Downtown Miami Occupancy Rate on the Rise

An independent study conducted by independent research firm Goodkin Consulting/ Focus Real Estate Advisors in partnership with the Miami Downtown Development Authority finds healthy occupancy rates in Miami’s urban core, indicating that the market is on track to reach equilibrium sooner than expected.
Occupancy Rate in New Downtown Miami Condominiums Eclipses 60%, Continues to Trend Upward
Independent study finds healthy occupancy in Miami’s urban core; market on track to reach equilibrium sooner than expected

MIAMI, FL – June 11, 2009 – 62% of the residential units completed in Downtown Miami since 2003 are occupied and the closing rate is accelerating despite obstacles to financing, according to a Residential Closings & Occupancy

Study conducted by independent research firm Goodki n Consulting/ Focus Real Estate Advisors

 in partnership with the Miami Downtown Development Authority (DDA).The study assessed occupancy and closing rates for 73 condominium buildings and seven rental apartment buildings that have come on line in the Downtown Miami area since 2003. Combined, the 80 buildings account for 22,959 residential units.

“This is the first study since the start of the construction boom that provides a complete picture of the number of people living in Downtown Miami,” said Lewis M. Goodkin, CRE, FRICS, MIRM, founder of Goodkin Consulting. “Our research indicates that sixty-two percent of units in new Downtown Miami buildings are occupied by a combination of owners and renters, defying the perception that the majority of high-rises built in recent years are empty.”

According to Craig Werley, founder and president of Focus Real Estate Advisors, the increasingly attractive pricing and location of Downtown Miami continues to generate demand  from both buyers and renters in the marketplace. “Considering the financial roadblocks that many homebuyers have faced over the past year, the sales activity that we’ve seen in recent months is encouraging.”

The study suggests that heightened demand for urban living, new programs aimed at easing  home financing restrictions, record low interest rates and further price discounting will likely accelerate the closing rate – with arrival at market equilibrium probable within three to four years. Occupancy will trend upward in that span as the existing inventory is absorbed and no new residential buildings are built, according to Goodkin.

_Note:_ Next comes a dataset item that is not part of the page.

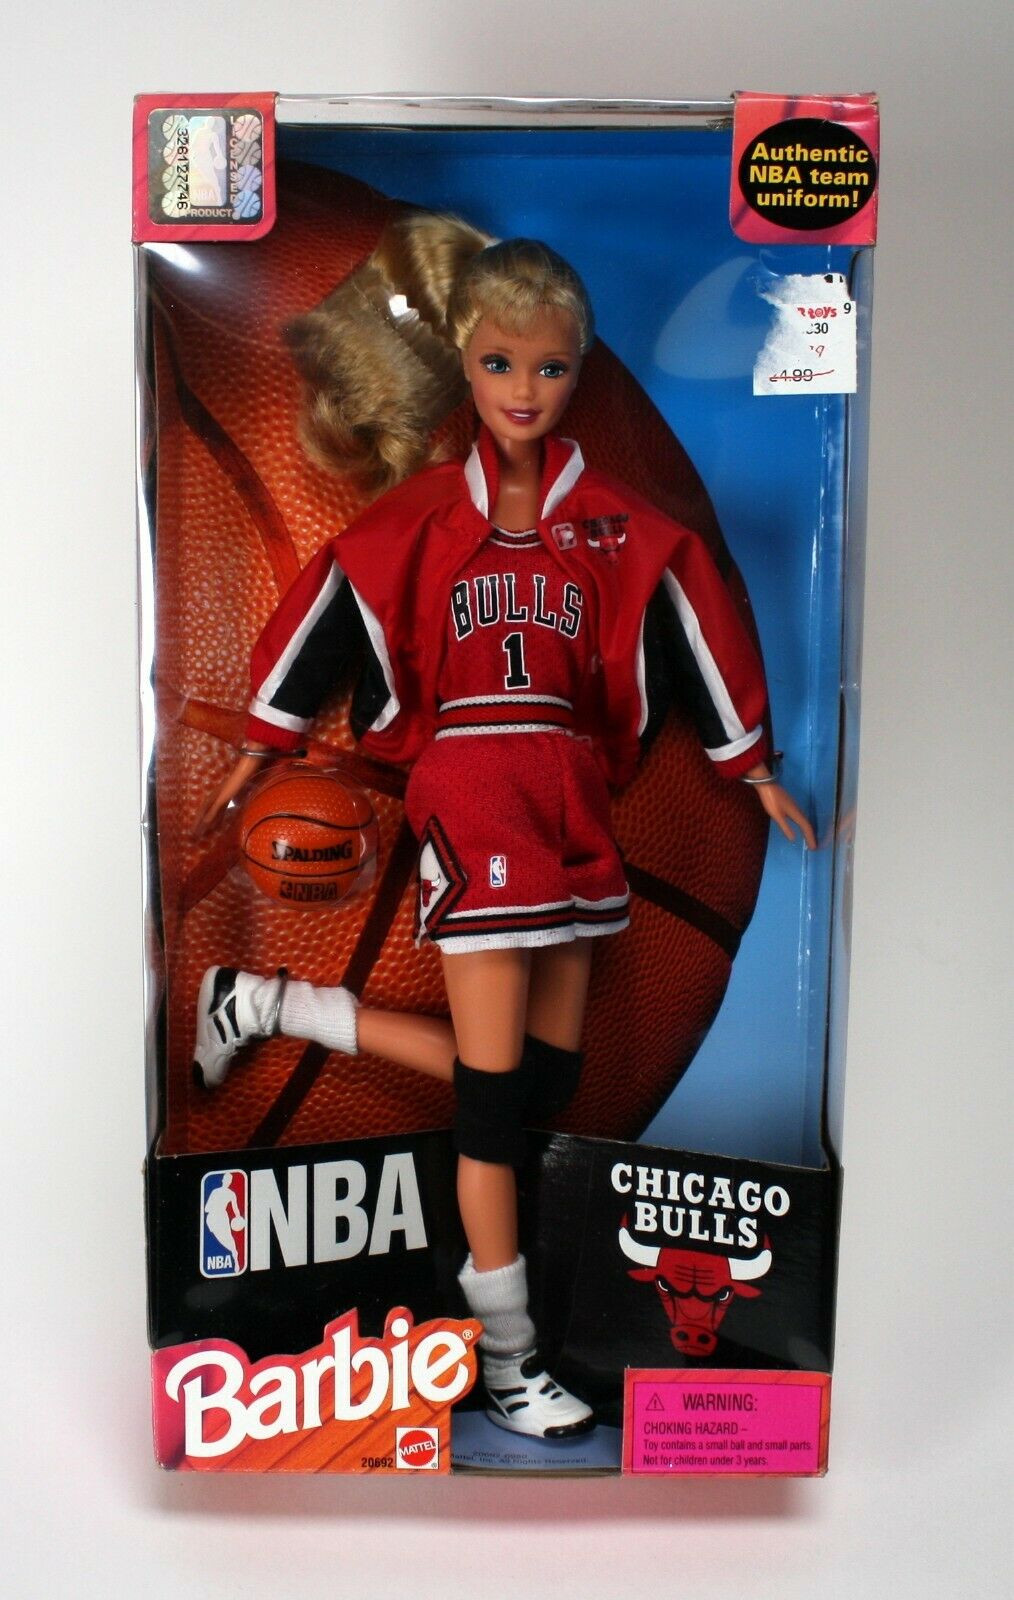 Nba Barbie Chicago Bulls Doll Is New - M.i.b. - Top Of Box Open - Some Box Wear.

“The results of this study underscore what those here already know: Downtown Miami is alive and well,” said Alyce Robertson, executive director of the Miami Downtown Development Authority. “Our growing residential population is drawn to our waterfront location, entertainment and cultural offerings, strong commercial base, and to our standing as Florida’s largest employment center. Those moving here are full-time residents who are populating our City streets and fueling the local economy.”

Robertson added that the report sends a clear signal that Downtown Miami is at the forefront of South Florida’s rebound from the worst residential real estate collapse in history, and speaks directly to a growing demand for urban living.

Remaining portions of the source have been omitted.